Task description> Print the records below exactly, from the line containing "Malakoff tower and" down to the line containing "Green Printed Half Sleeve A-Line Maxi Dress", both lines included, and omit every picture.

Source data>
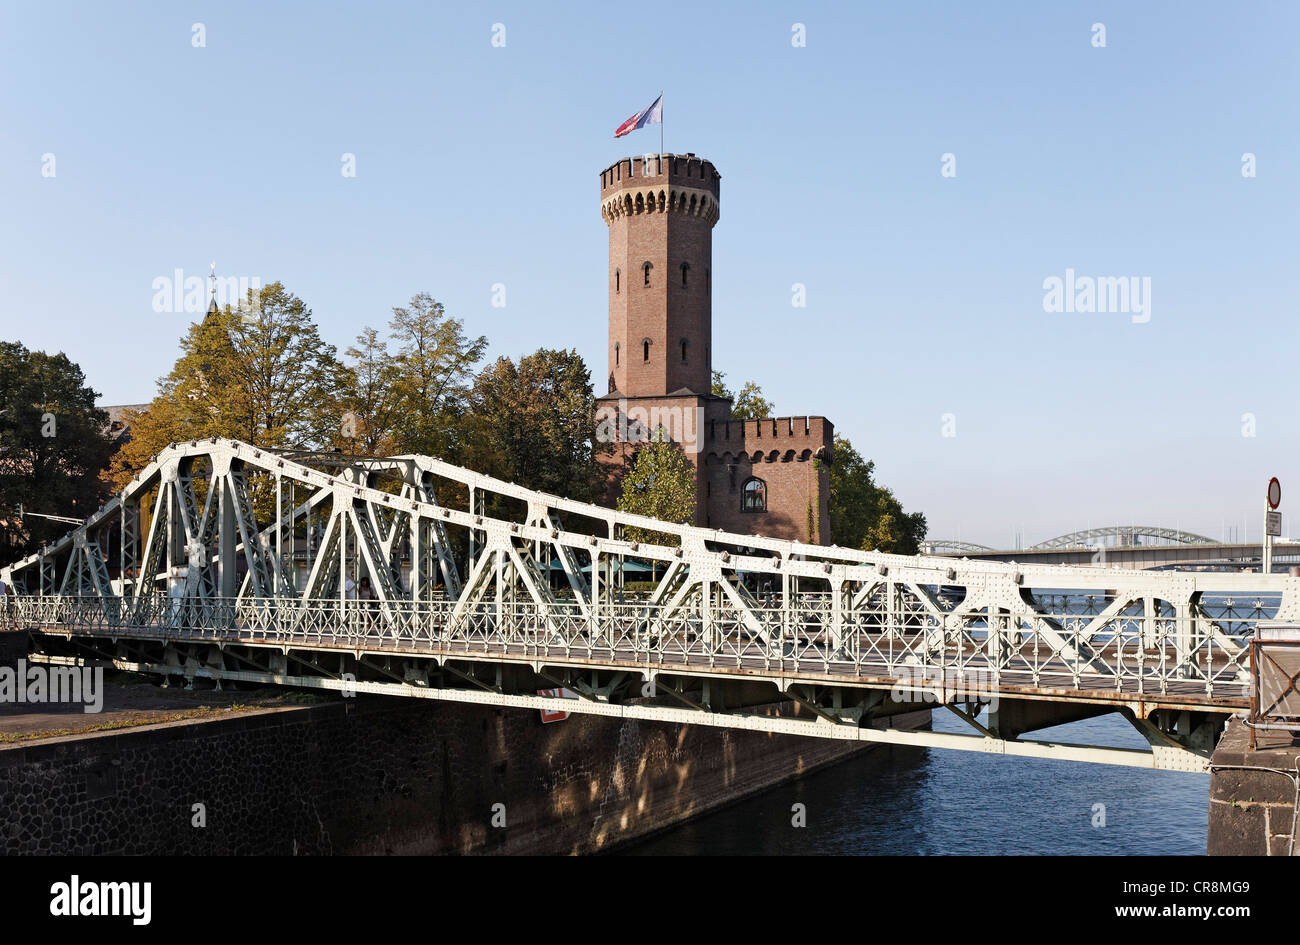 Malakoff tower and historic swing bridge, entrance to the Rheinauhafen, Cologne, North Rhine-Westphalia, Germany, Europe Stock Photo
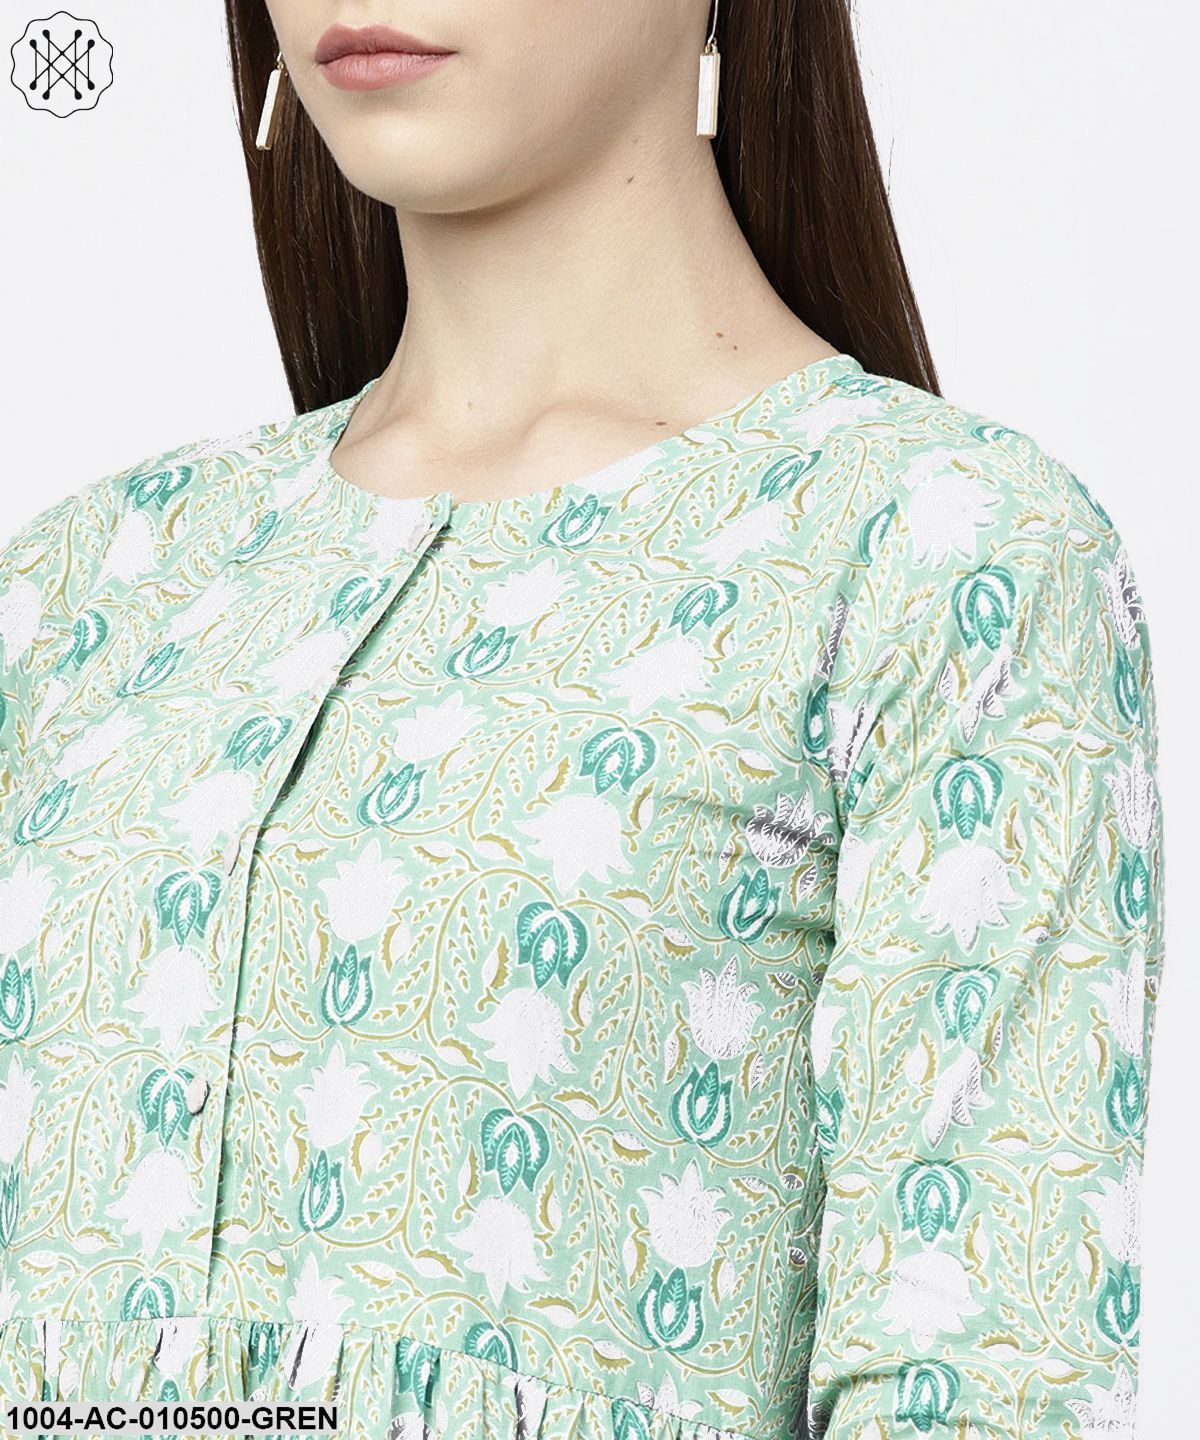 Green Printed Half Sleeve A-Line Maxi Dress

* * *

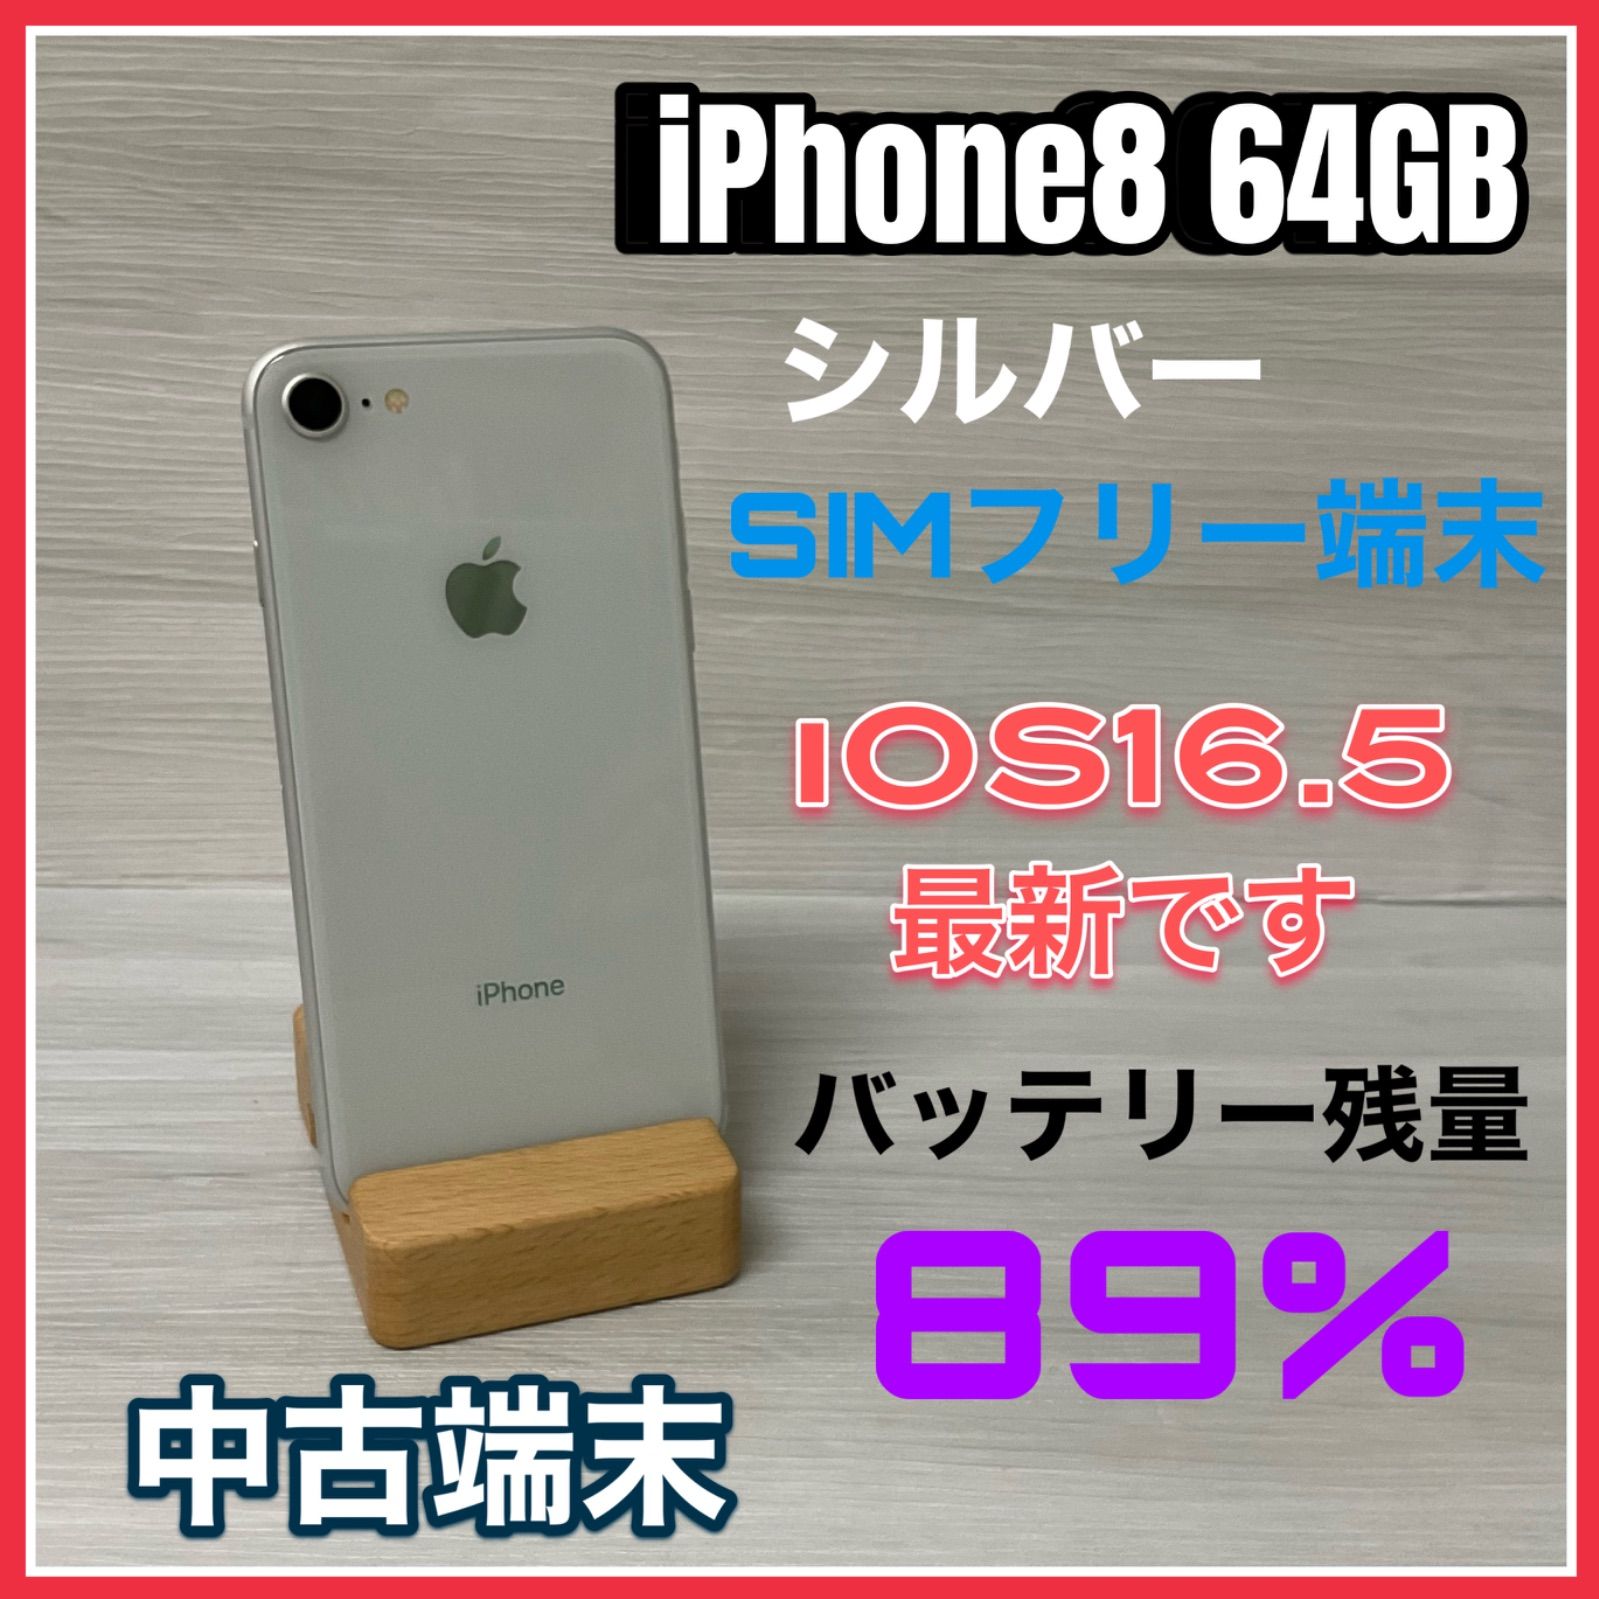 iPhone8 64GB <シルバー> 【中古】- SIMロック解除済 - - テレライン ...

Response box>
 Malakoff tower and historic swing bridge, entrance to the Rheinauhafen, Cologne, North Rhine-Westphalia, Germany, Europe Stock Photo
 Green Printed Half Sleeve A-Line Maxi Dress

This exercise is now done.